REQUIREMENT
Produce a faithful copy of the data, one that leaves out the pictures.

--- STORED DATA Enclosed Below ---

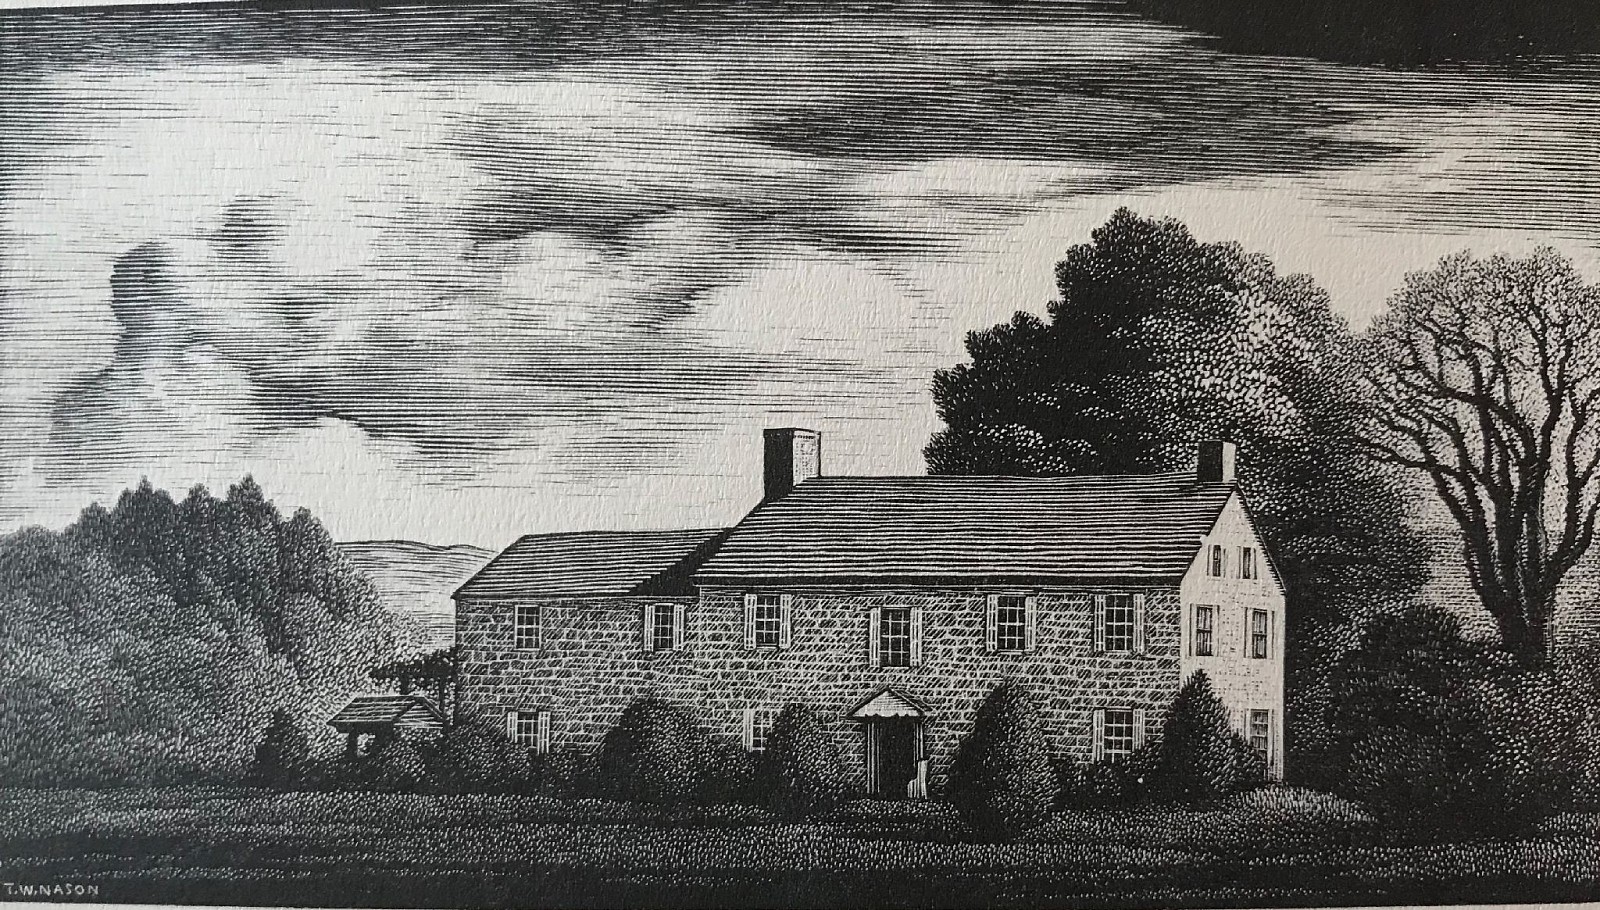 Thomas Willoughby Nason, Bucks County Farmhouse, 1937
wood engraving, 3 5/8" x 6 1/2", BPL #220
THFA 05/17.08
$300

--- End of Enclosed STORED DATA ---

SOLUTION FOR THIS TASK
 Thomas Willoughby Nason, Bucks County Farmhouse, 1937
wood engraving, 3 5/8" x 6 1/2", BPL #220
THFA 05/17.08
$300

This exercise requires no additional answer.